Task to carry out
Copy word for word the line containing "[รีวิวเกม] Bloody Bunny: The" together with all lines following it to the end of the listing below, without the pictures.

Dataset extract
----------
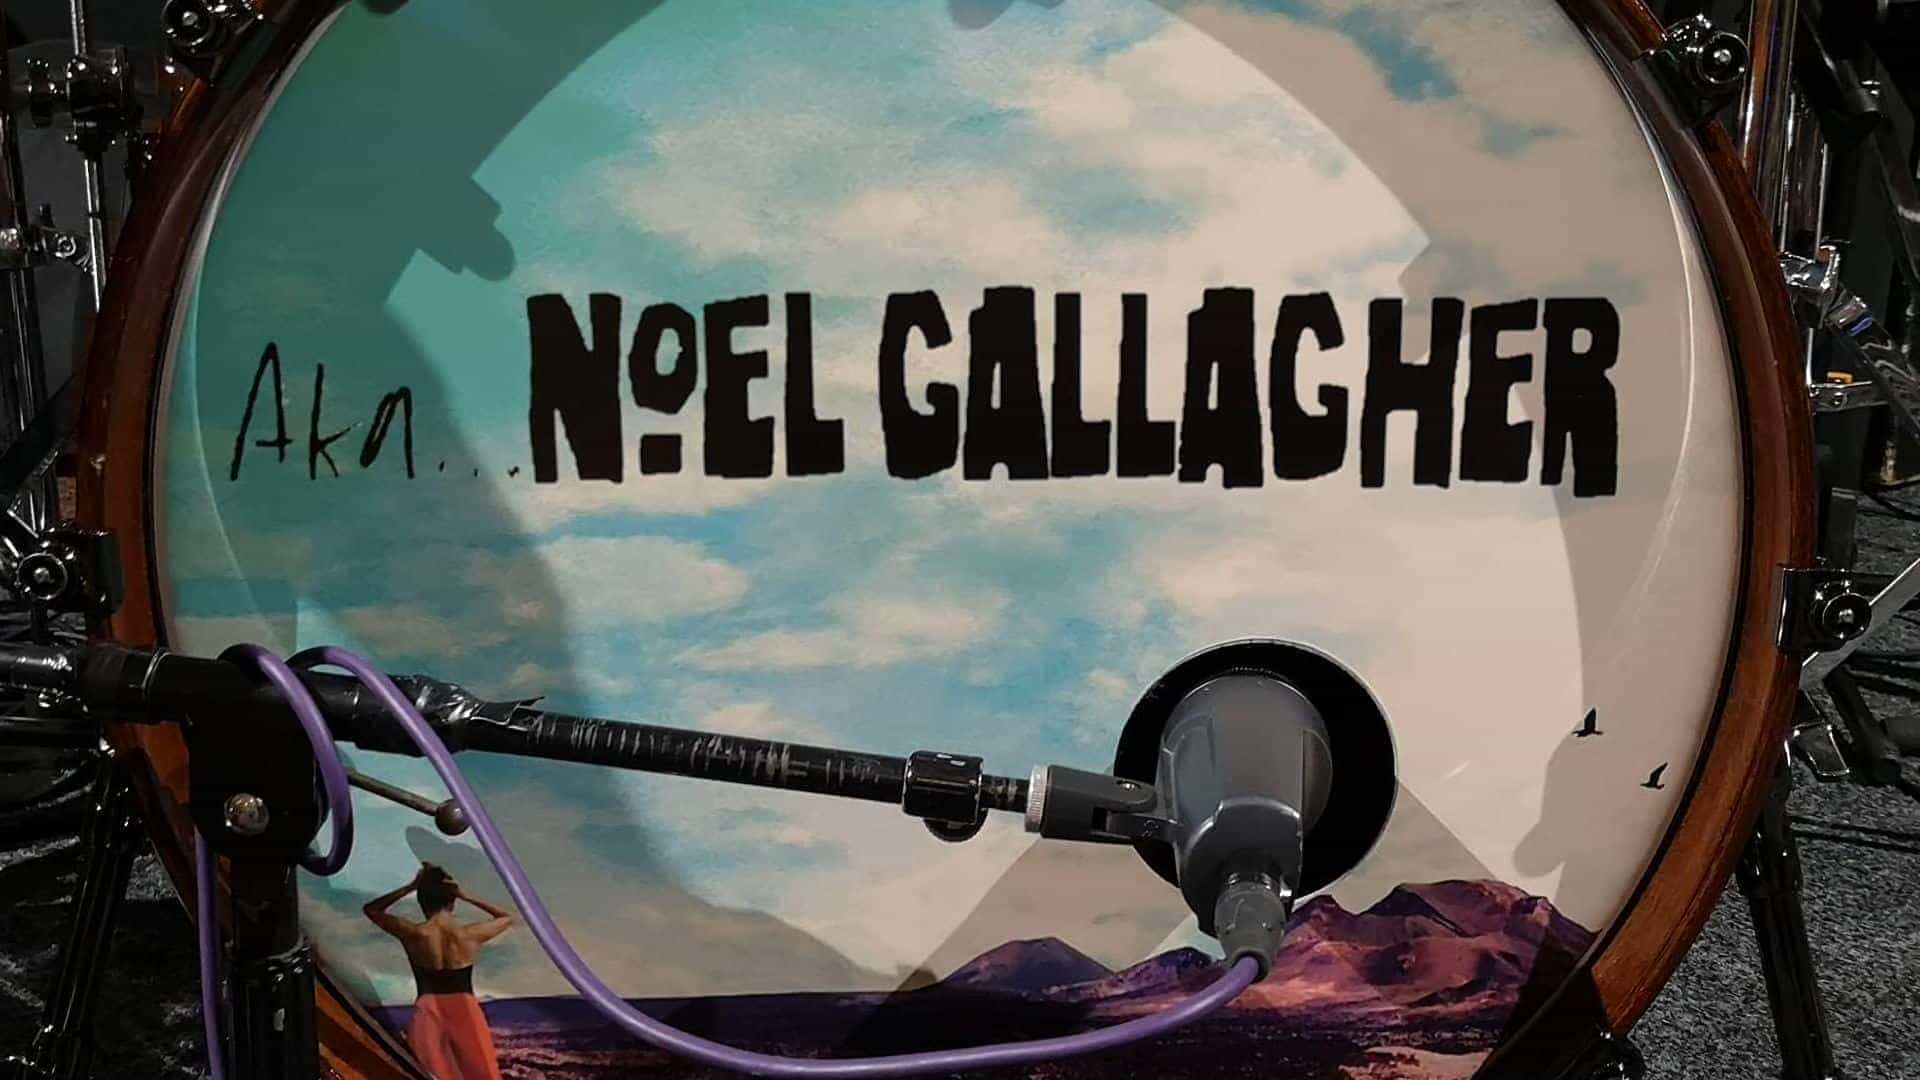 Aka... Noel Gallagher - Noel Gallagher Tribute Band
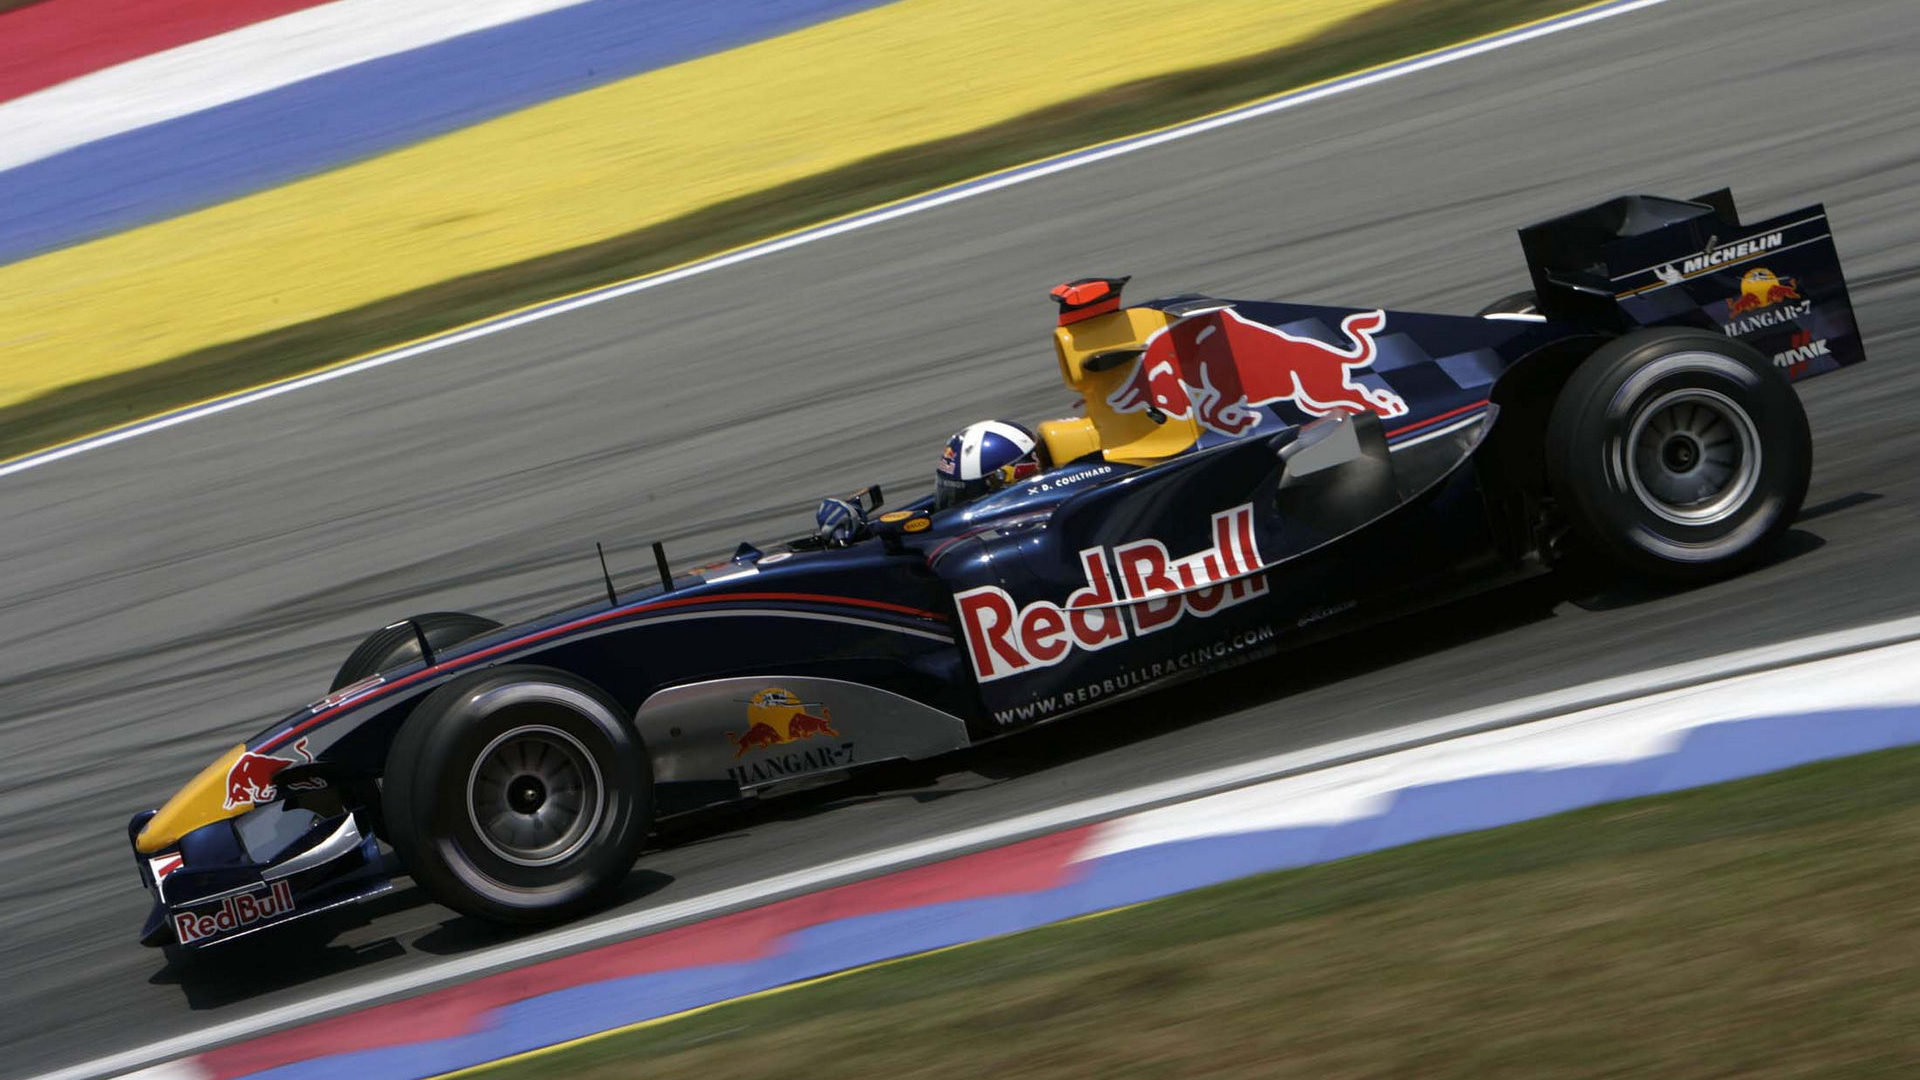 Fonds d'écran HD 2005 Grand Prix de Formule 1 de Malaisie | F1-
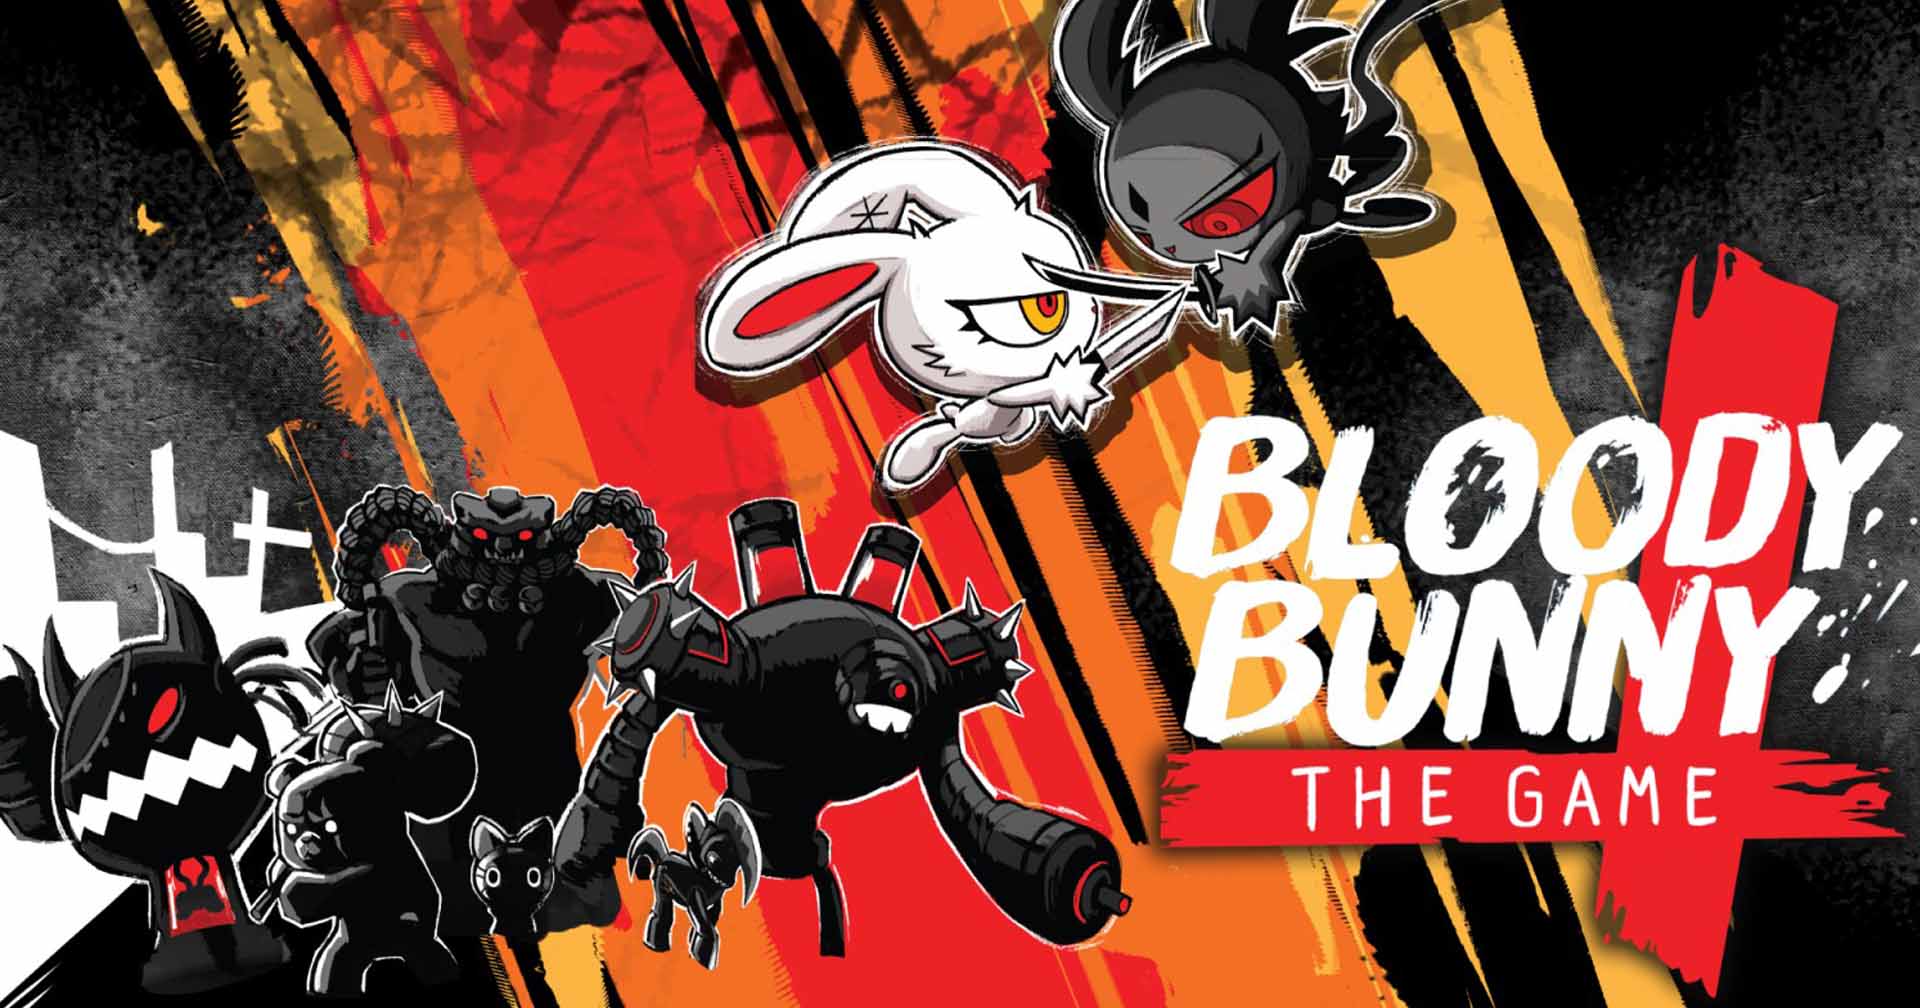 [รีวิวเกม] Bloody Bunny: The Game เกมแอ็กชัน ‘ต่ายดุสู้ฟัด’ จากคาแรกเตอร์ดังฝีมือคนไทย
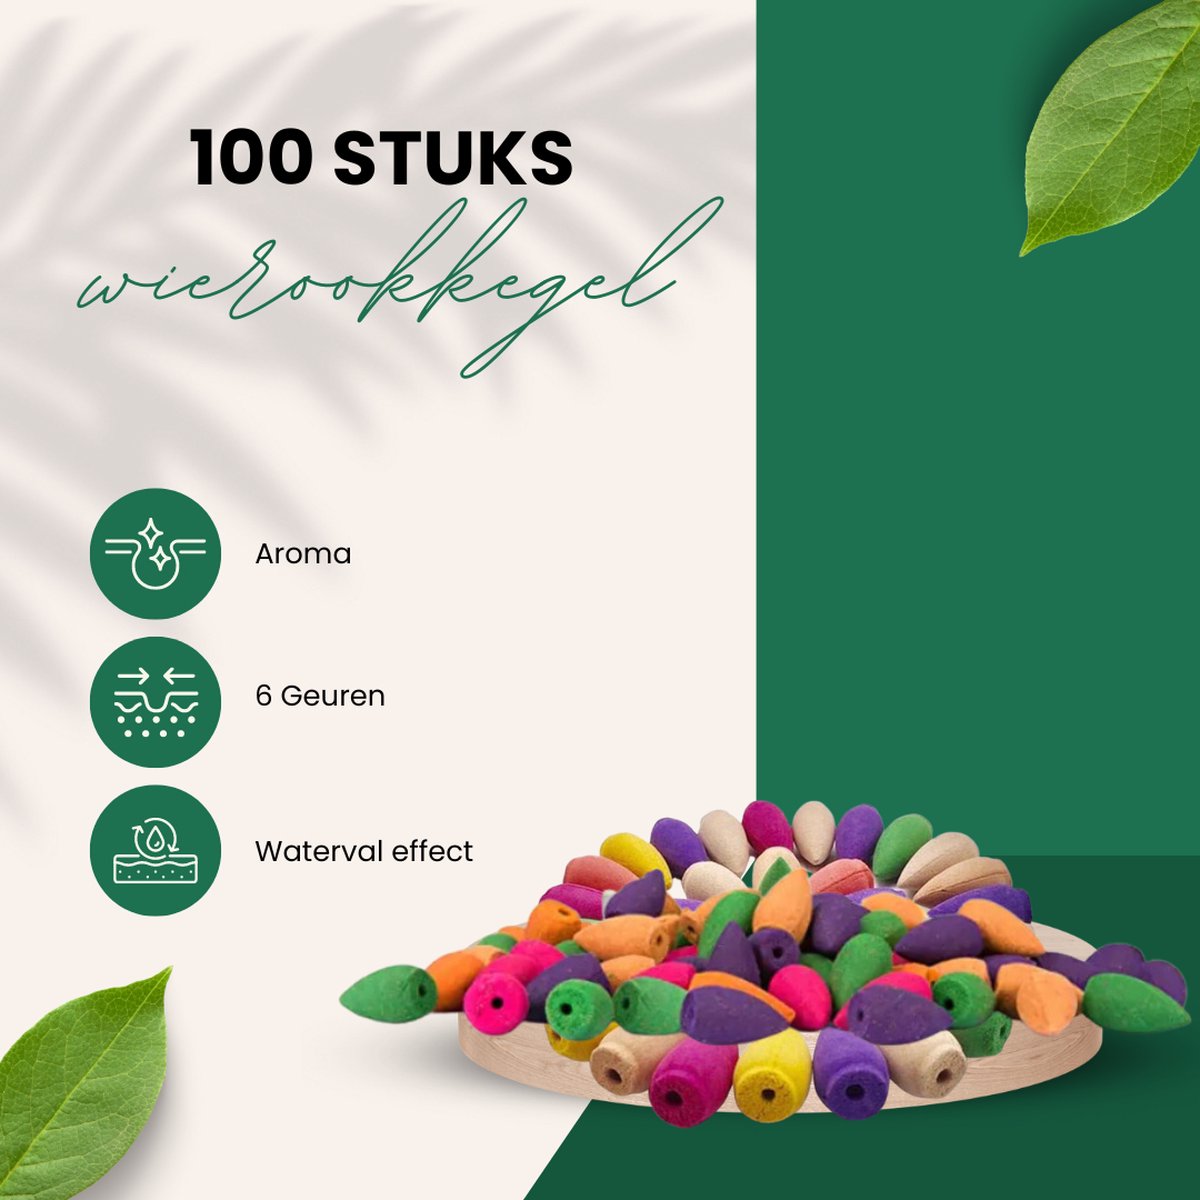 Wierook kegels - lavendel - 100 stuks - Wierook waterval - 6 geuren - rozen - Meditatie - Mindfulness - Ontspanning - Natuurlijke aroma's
----------
Result
 [รีวิวเกม] Bloody Bunny: The Game เกมแอ็กชัน ‘ต่ายดุสู้ฟัด’ จากคาแรกเตอร์ดังฝีมือคนไทย
 Wierook kegels - lavendel - 100 stuks - Wierook waterval - 6 geuren - rozen - Meditatie - Mindfulness - Ontspanning - Natuurlijke aroma's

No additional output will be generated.